When Hunter was 6 months old he came down with a cold one week after getting his shots from the pediatrician, he wasn’t acting like himself and had no interest in eating. We called his pediatrician and he advised us to just continue to try to get some fluids in him and let the cold run its course. The second day of this “cold” Hunter could barely keep his eyes open and couldn’t lift his head up for more than a second. Enough of waiting it out we rushed Hunter to the ER, after what felt like the longest wait of my life we were taken back to a bed. As soon as I laid him down the nurses eyes lit up, she realized something was wrong. Numerous tests were run and the only thing that came back abnormal was his liver enzymes were elevated. The ER we were at consulted with the University of Maryland and they decided he needed to be transferred there. University of Maryland ran more tests and all they could tell us was that his CK levels were elevated. They came back with the diagnosis (misdiagnosis) of Viral Myositis. I was relieved at the time, this was a one-time freak thing that would never happen again… or so they said.



Hunter, 12 months old & his sister, Alexis

Then Hunter turned 1, went to the pediatrician- everything looked great! He was a happy 12 month old weighing in the 75% and 95% for height, Hunter got his recommended shots and we were on our way. Exactly one week later we woke him up and he went back to sleep, put him in his car seat and he went back to sleep, when I opened the door to get him out of the car he looked at me and I knew I had seen that look before.
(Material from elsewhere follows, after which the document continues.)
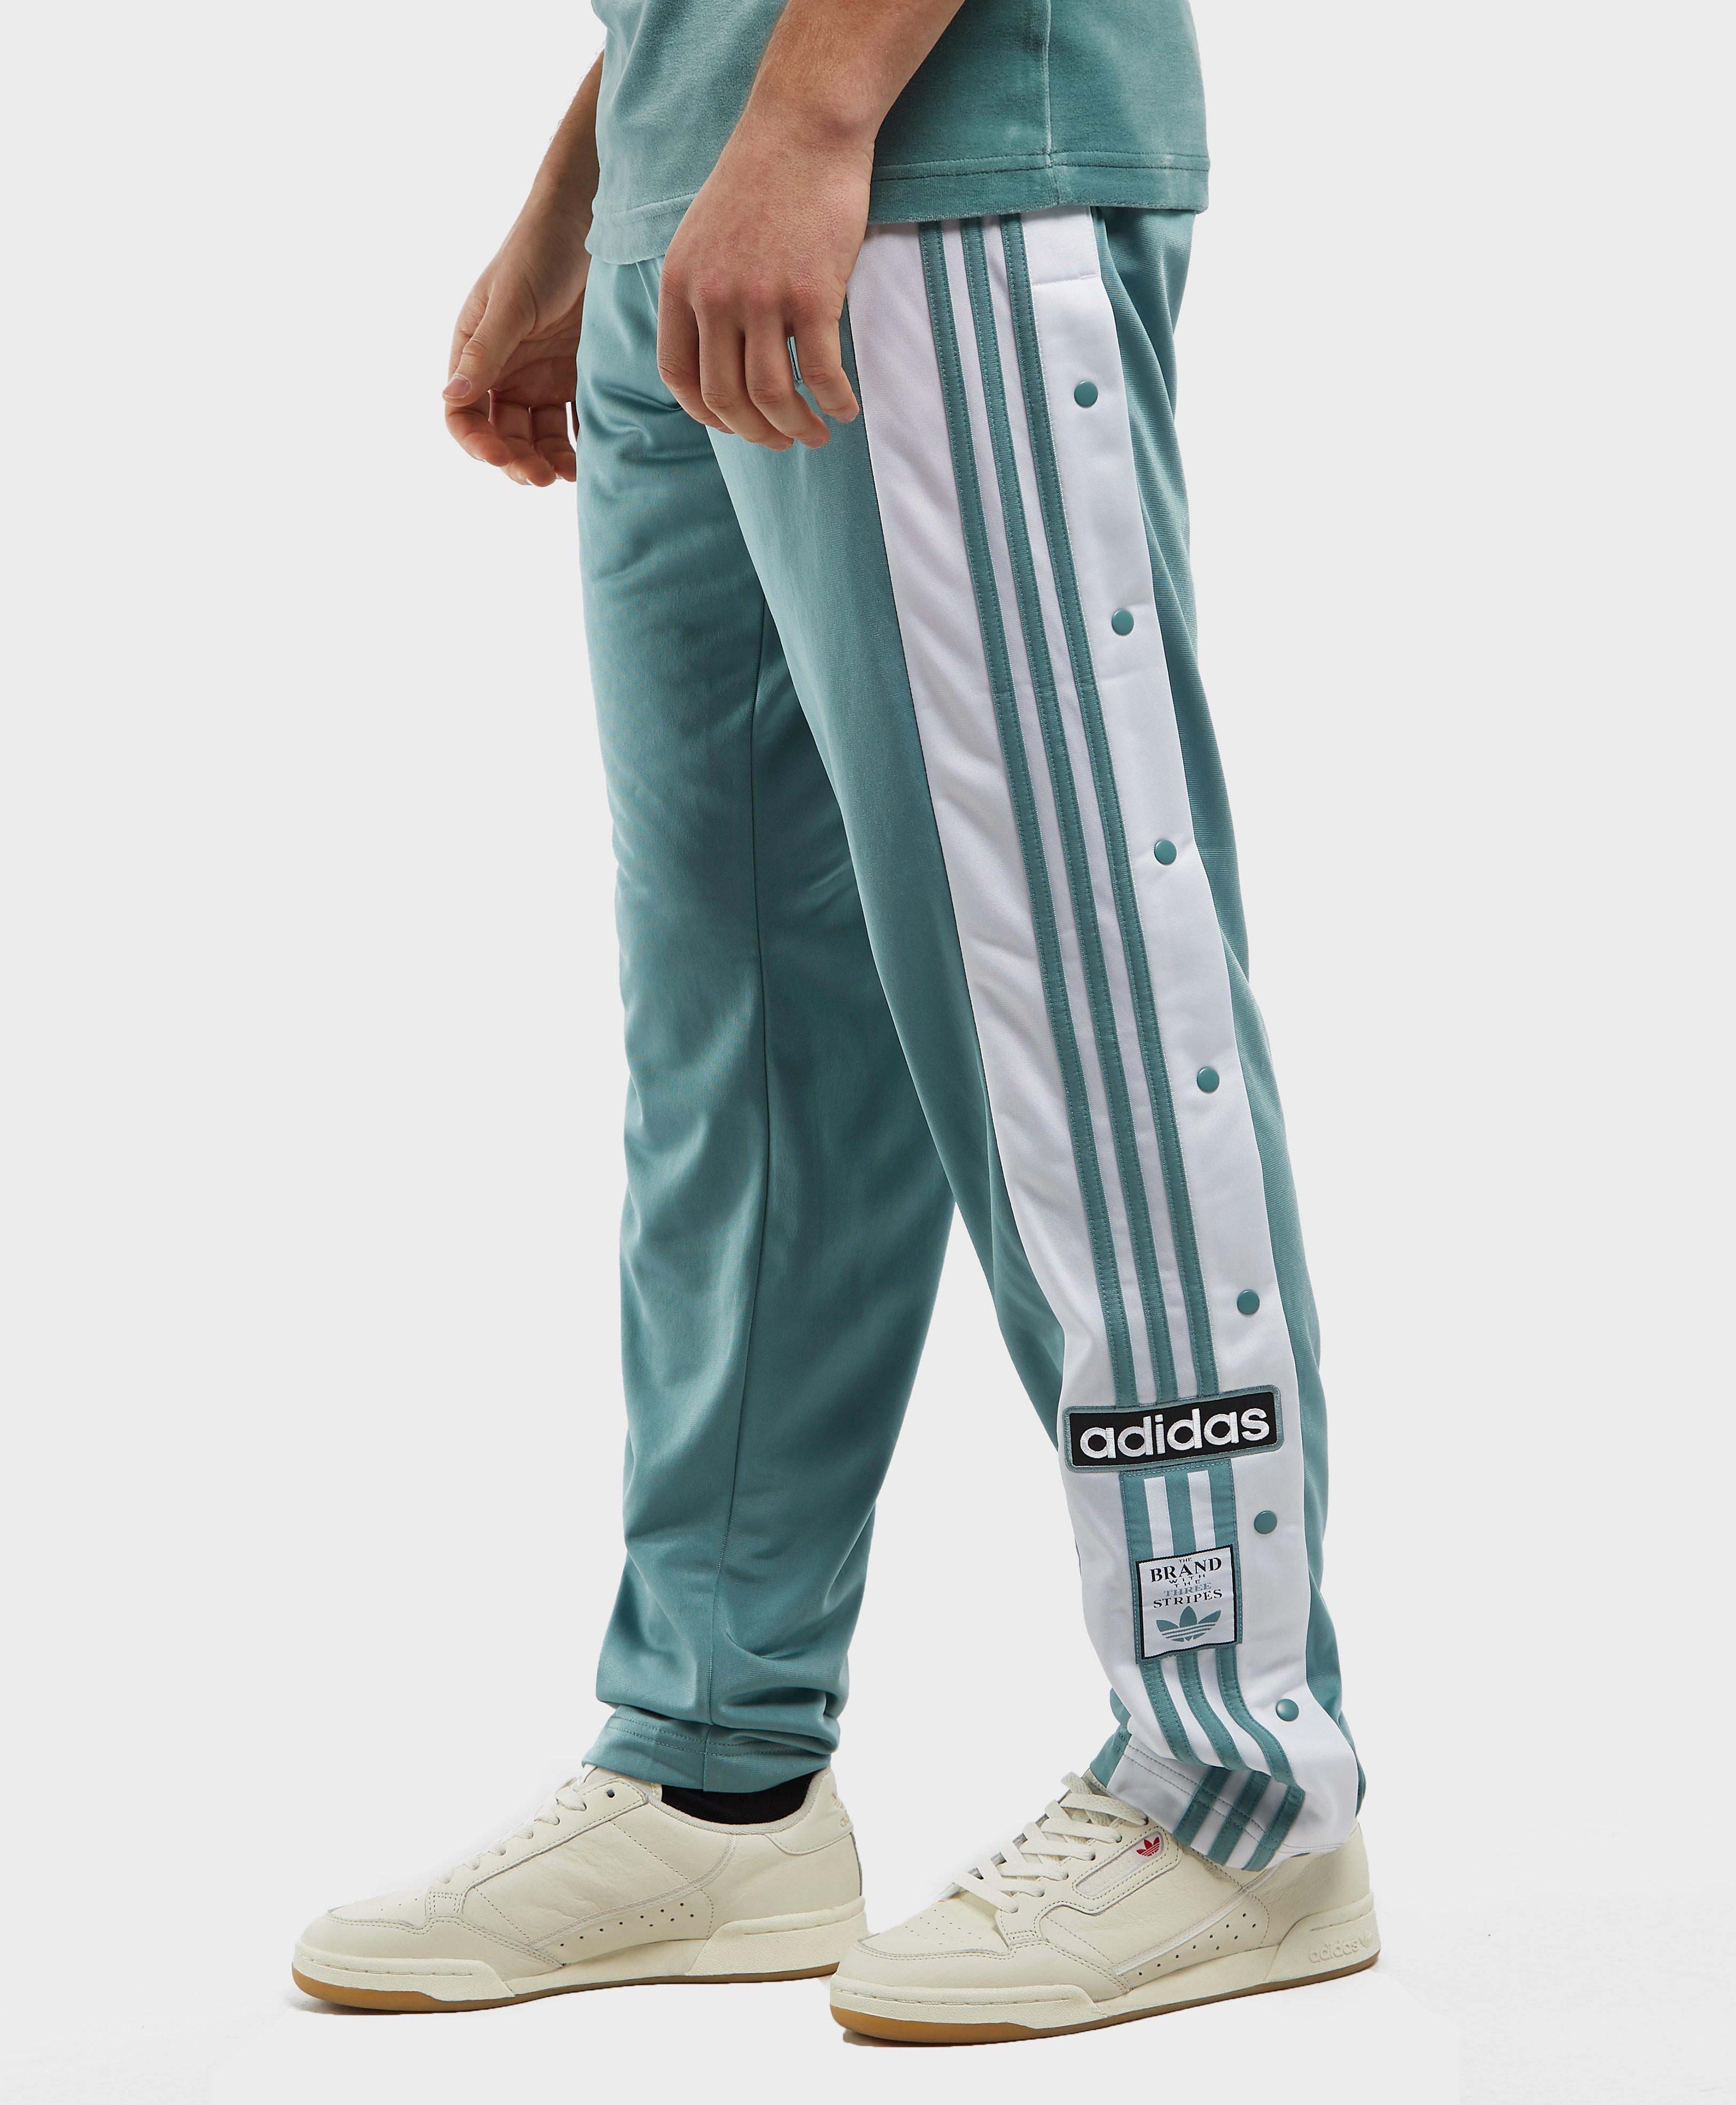 button track pants adidas

It was happening again, they told me it was a one-time thing and it was happening again! We called the pediatrician ASAP and he had us bring him in, within a couple minutes of the pediatrician seeing him he sent us to the ER. We got a room pretty quick, it was the same nurse as last time (she remembered us) and the work up started. His blood sugar was 39 (normal 80-100) and again his liver enzymes and CK were elevated. We were transferred back to the University of Maryland for more tests; they assured me they would find out why this was happening again. Multiple tests were ran (EEG, MRI, liver sonogram etc.) and aside from his MRI showing high lactate everything was normal. Lucky for us this time they consulted with a geneticist. The tests she chose to run were going to get us our answer. We spent 5 days in the hospital and Hunter was back to himself but the tests weren’t back yet, we were discharged on a Friday afternoon with the suspected diagnosis of “Fatty Acid Oxidation Disorder” which if your reading this you probably know that could still mean a million different things, it gave us enough answers to drive us crazy but not enough to be able to do anything. The following Wednesday we got the call from the geneticist, Hunter had LCHAD.
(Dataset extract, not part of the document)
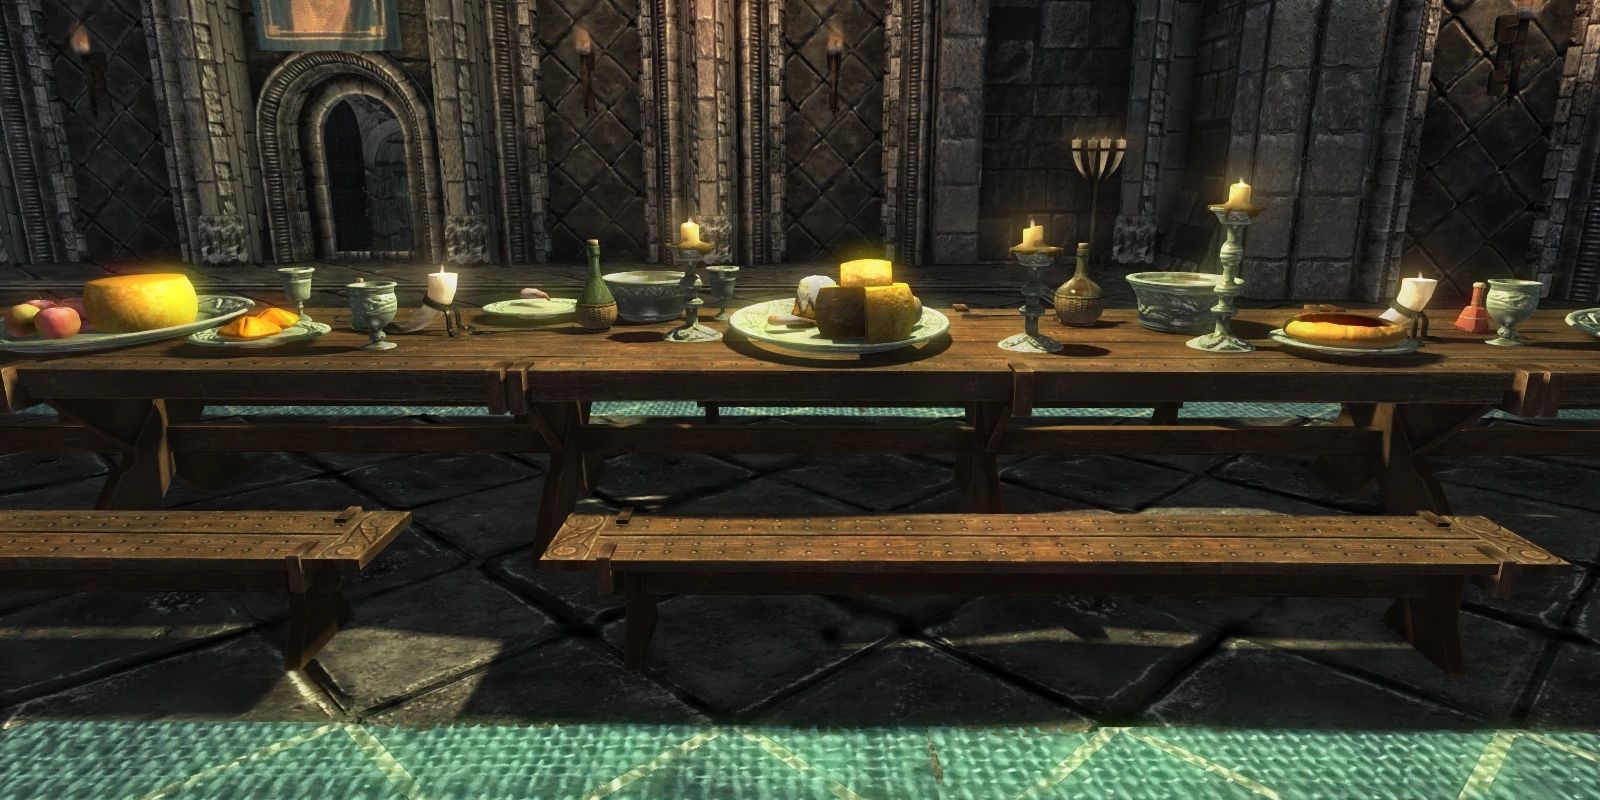 A dining table with plates of food and goblets on it

The next day we had our first appointment with the genetics team at University of Maryland and they were great, they explained everything and spent hours answering all my questions. Since Hunter’s diagnosis he’s been given a strict diet he needs to follow, MCT oil we need to work into his diet every day and instructions to add cornstarch to his night time bottle so he can sleep through the night. With lots of doctors following him closely Hunter is doing amazing, I am excited to watch him grow up and see what he decides to conquer in his future.